Yesterday was the first time that I really thought, "This is MY village now, too." I went to church for the first time with a neighbor of mine, Keke... Being in church again, apart from being therapuetic for me personally, reminded me of what I fell in love with in Kenya, and why I waited so long to come back to Africa. There's just something about the cacophony of musical harmonies that fills the air and engulfs you until you can sense nothing but that moment in time. You are nothing but sensation- the sway of bodies crammed closely together, the shouts of joy and rhythmic clapping that seems so omnipresent you aren't certain if the noise came from you or someone else, the complete spontaneity and abandon of worship... Everyone is a sinner, and everyone is the preacher. It was the first time I felt I was a part of their community... Right in the middle of the group emotion and celebration. And in that moment, it felt like home to me for the first time.

Later in the afternoon, several of the local teenage girls and I sat around on my Ntate's porch and watched the village men play soccer. They giggled about boys, and whispered about village gossip. The men ran back and forth from the field to us, where I'd placed a pitcher and a bucket of water from the pump. It was a scorching hot Sunday afternoon, so the bo-Me (women) had nothing better to do than wander over to see me... And thanks to the presence of a few willing teenage translators, I was actually able to have real conversations with my neighbors.
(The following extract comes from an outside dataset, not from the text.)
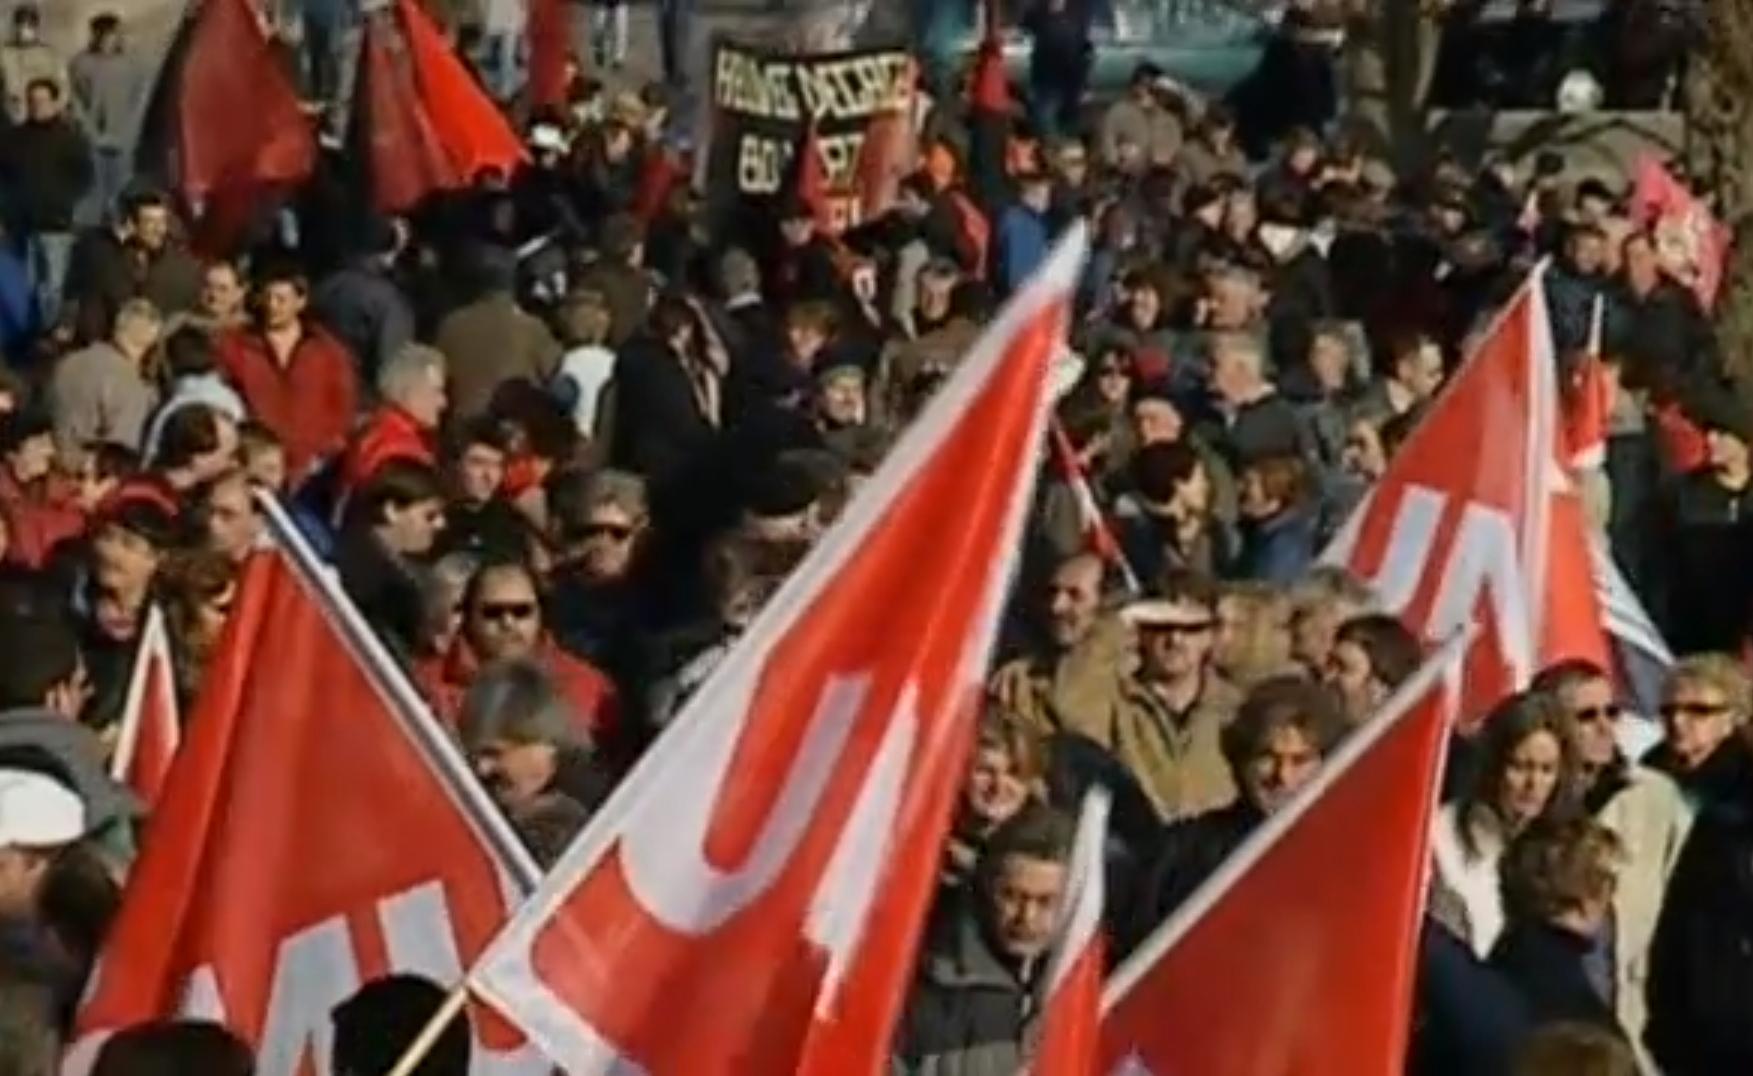 Preview image for LOM object Politik und Gesellschaft: Streiken

I told them about America, and they told me what color and design they think my next seschweschwe (traditional Basotho dress) should be. It was a good moment.

I baked fresh bohobe (bread) and peach cobbler, using peaches the Chief, Moena Moshoeshoe, had given me the day before.... And later in the evening, I went to visit my friend/IL (Introductory Liason), Phepheng, and her ohoono (grandmother) to take them cobbler and transplant a few of their strawberry plants to my garden. I walk through the village now, and people don't just know my name- occassionally I can remember theirs. The children don't simply stare anymore; they attempt a timid, "Hello" or "Bye-bye" to me in English (Because that's the rule- You come to visit Me' Limpho, you have to try to speak English! Haha). It was a day of a dozen little realizations or moments, that added up to a singular feeling of contentment... With myself, and with my place in Ha Selomo.

Things are getting better... And it's not my home yet, but it will be. I will know I've succeeded when I go away for a weekend, and can't wait to "come home" at the end of it. That's the moment I'm now PATIENTLY waiting for... Because sometimes "home takes time."

1 comment:

  1. What a wonderful and well described revelation about yourself adjusting to a new culture. Hang in there! So happy you feel at home in church and that you are making inroads in learning the local language!